Оказалось, мальчик жил близко от нас.
Он сказал, что знает наш двор, всегда ходит мимо.
— Можно, я приду, когда вы будете выпускать чечёток? — спросил он дядю Петра.
— Приходи, — ответил дядя Пётр.
Через год или больше с того дня, как мы ходили на Трубную за птичками, отец, придя домой, сказал глухо:
— Умер Чехов.
И мать заплакала. Меня взяли на похороны Чехова. По улицам отовсюду шли люди, тысячи людей.
— Иди, иди, — говорил отец, — вот сколько людей любили Чехова, читали то, что он писал.
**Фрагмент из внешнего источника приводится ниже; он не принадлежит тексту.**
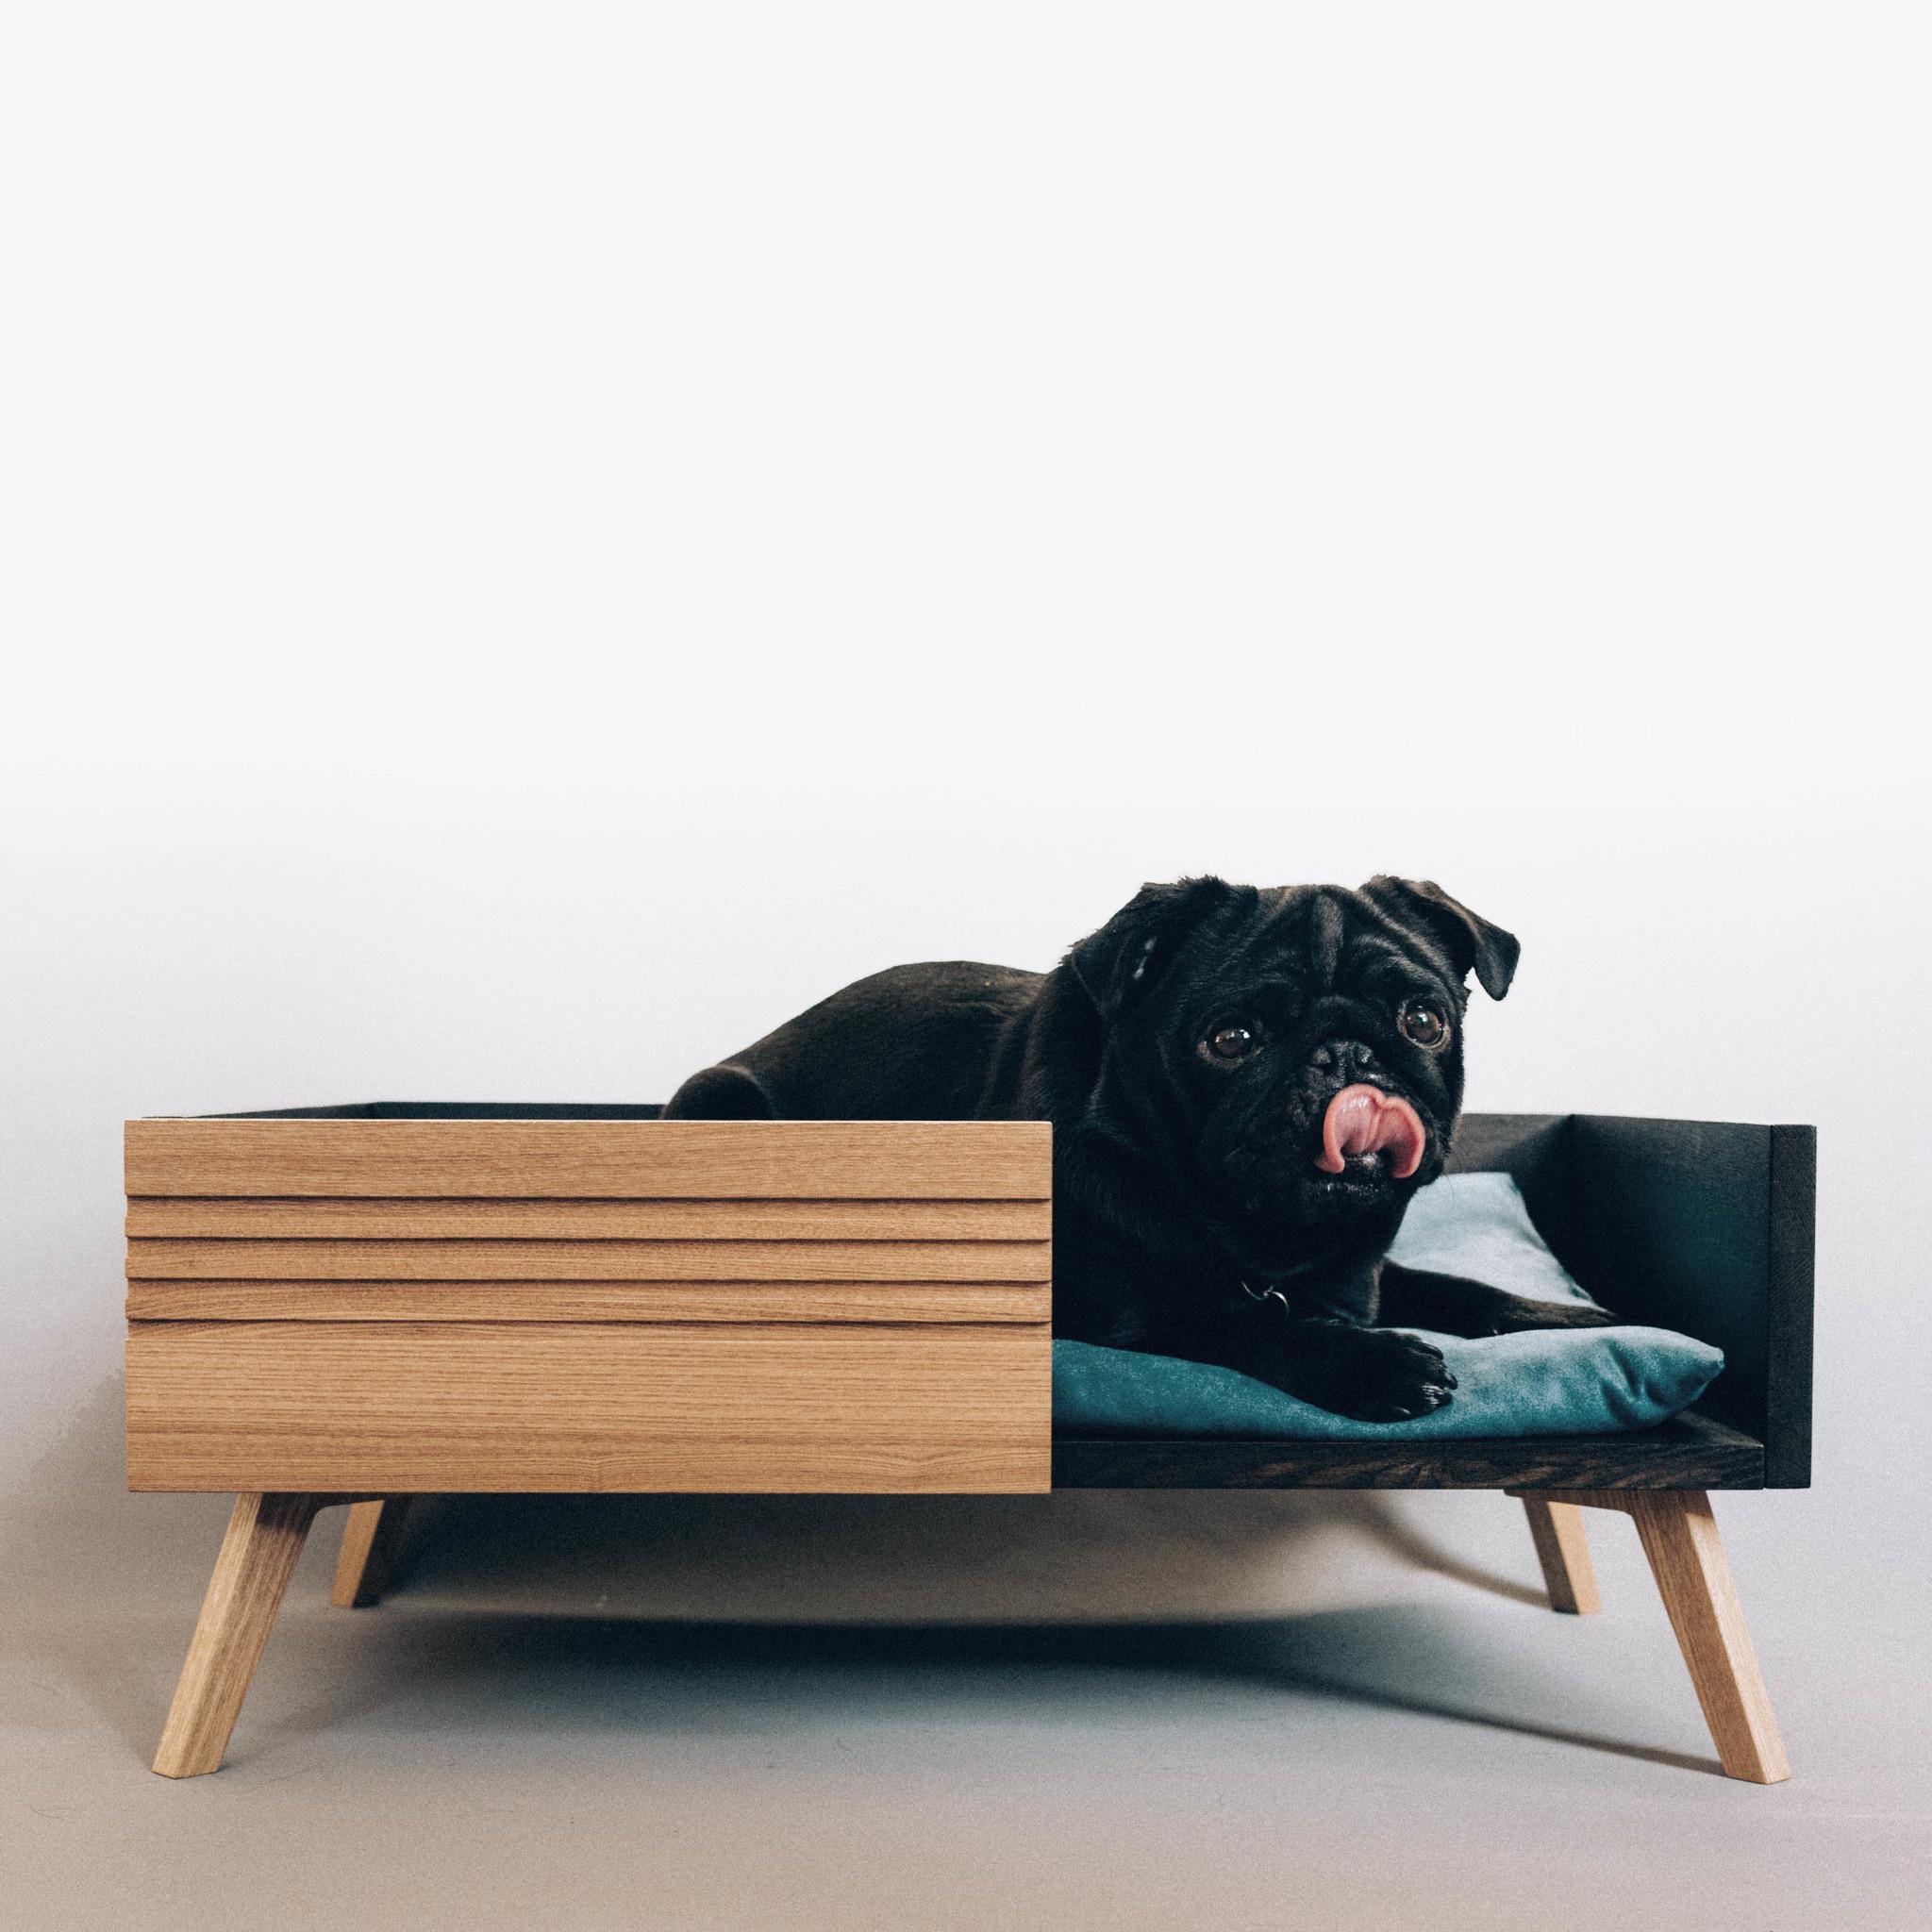 Лежанка для собаки в стиле модерн

И ты будешь читать…
— «Каштанку»?
— Не только «Каштанку», а много прекрасных его рассказов о том, как живут люди.
Ссора
Когда утреннее солнце светит в окна и на синем небе вырезывается неподвижная глянцевая листва единственного тополя, растущего во дворе перед флигелем, а на крашеном полу лежат светлые квадраты, невозможно представить себе, что такой ясный летний день может омрачиться.
Кажется, что всегда будет так ясно, спокойно, хорошо, будешь целый день бегать с Дуняшей во дворе и Чок, принюхиваясь к нашим следам, будет отыскивать нас в маленькой сторожке у Данилы-дворника или в тёмном чулане флигеля, где мы прячемся от него.
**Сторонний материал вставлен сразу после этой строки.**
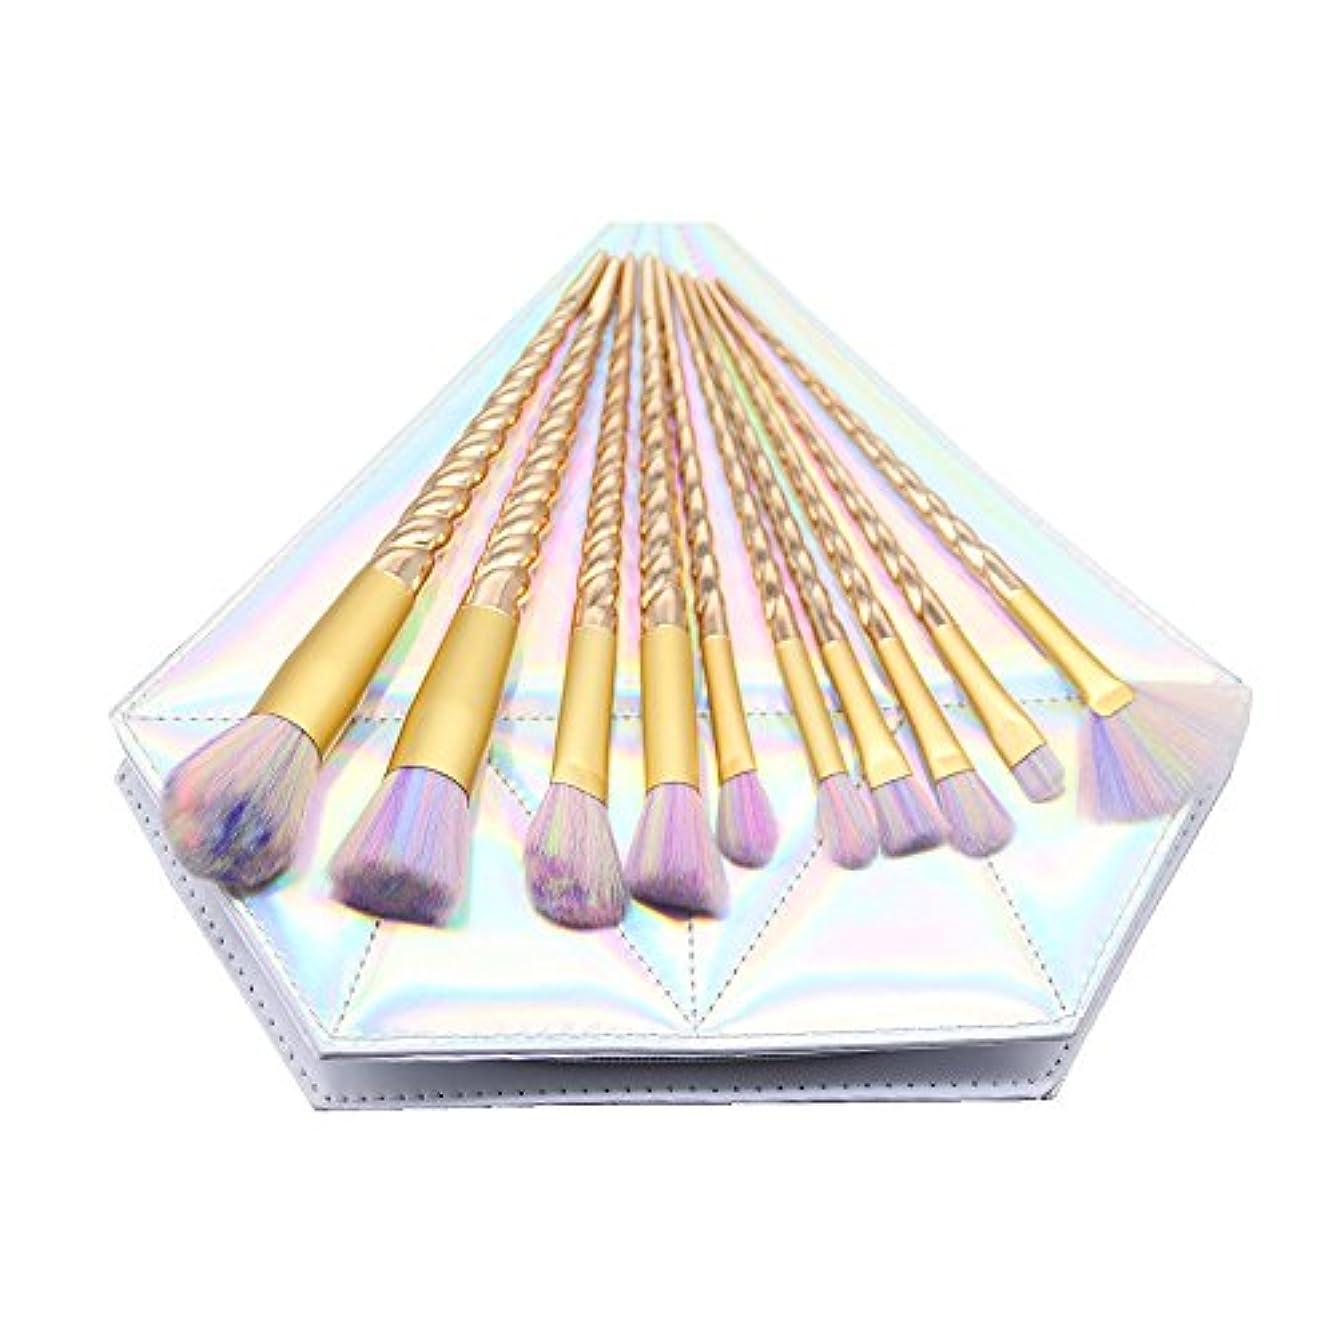 Dilla Beauty メイクブラシセット 10本セット ユニコーンデザイン プラスチックハンドル 合成毛 ファンデーションブラシ アイシャドーブラッシャー 美容ツール 化粧品のバッグ付き

В такой день мама надела на меня розовое лёгкое платьице, которое раньше считалось новым, но потом, повисев долгое время в шкафу, надетое только раза два за всё время, почему-то стало называться старым, и отпустила гулять.
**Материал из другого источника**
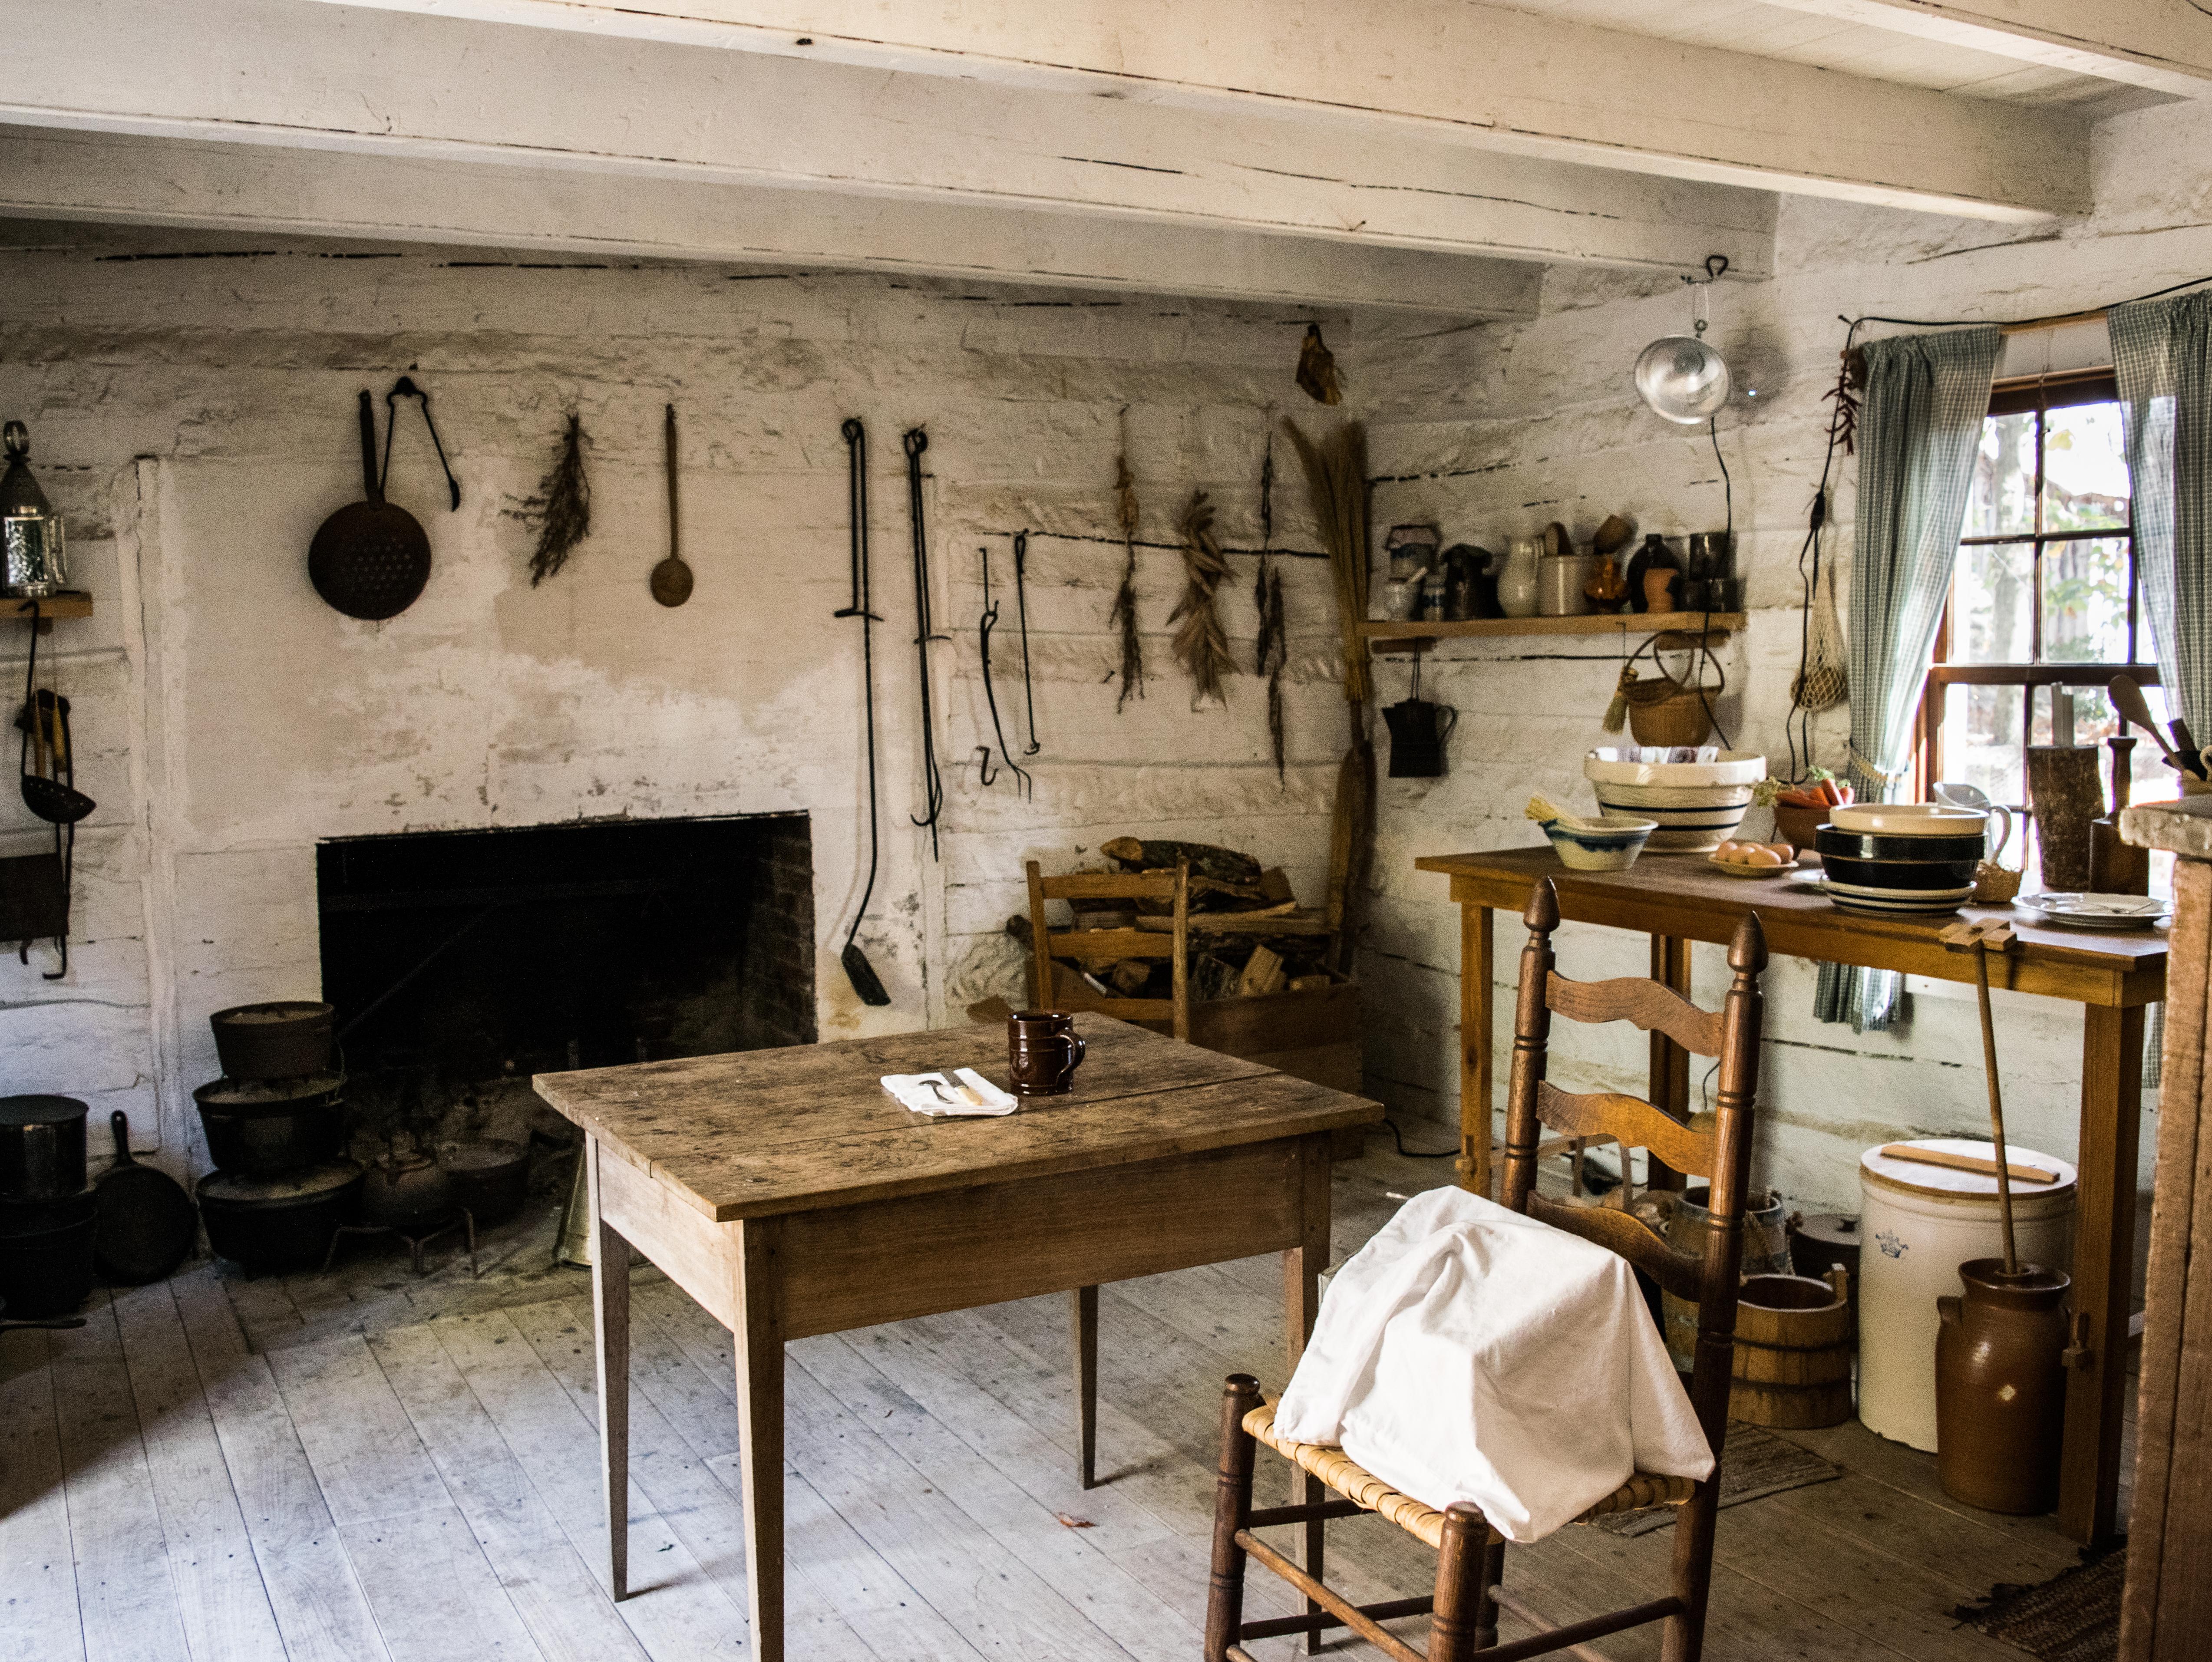 Interior of a Historic Cabin Burritt on the Mountain

— Но ты не пачкайся, — сказала она, повёртывая меня к себе лицом и поправляя на мне хорошенький кружевной воротничок, — мы с тобой пойдём сегодня в Нескучный сад.
Какая же это была радость — идти гулять в Нескучный сад, где так много толстых, больших деревьев: лип, клёнов, дубов, берёз, не то что один тополь у нашего окна!
— Почему ты говоришь, платье стало старым? — бездумно спросила я, рассматривая лёгкие оборочки на рукаве.
— Потому что ты выросла, — ответила мама, — и пришлось его выпускать внизу. И то вон оно какое короткое!
— А тебе папа сказал, что ты бережёшь — бережёшь, пока я вырасту из платья. Надо, чтобы я носила сразу новое.
— Папа не так сказал, не говори, если не знаешь, — спокойным, ровным голосом ответила мама.
Я по опыту знала, что это ровное спокойствие может замениться строгим окриком, если я не «перестану». Но что-то меня так и подмывало, я сказала:
— А я знаю, что папа так говорил: надо носить, пока я не выросла.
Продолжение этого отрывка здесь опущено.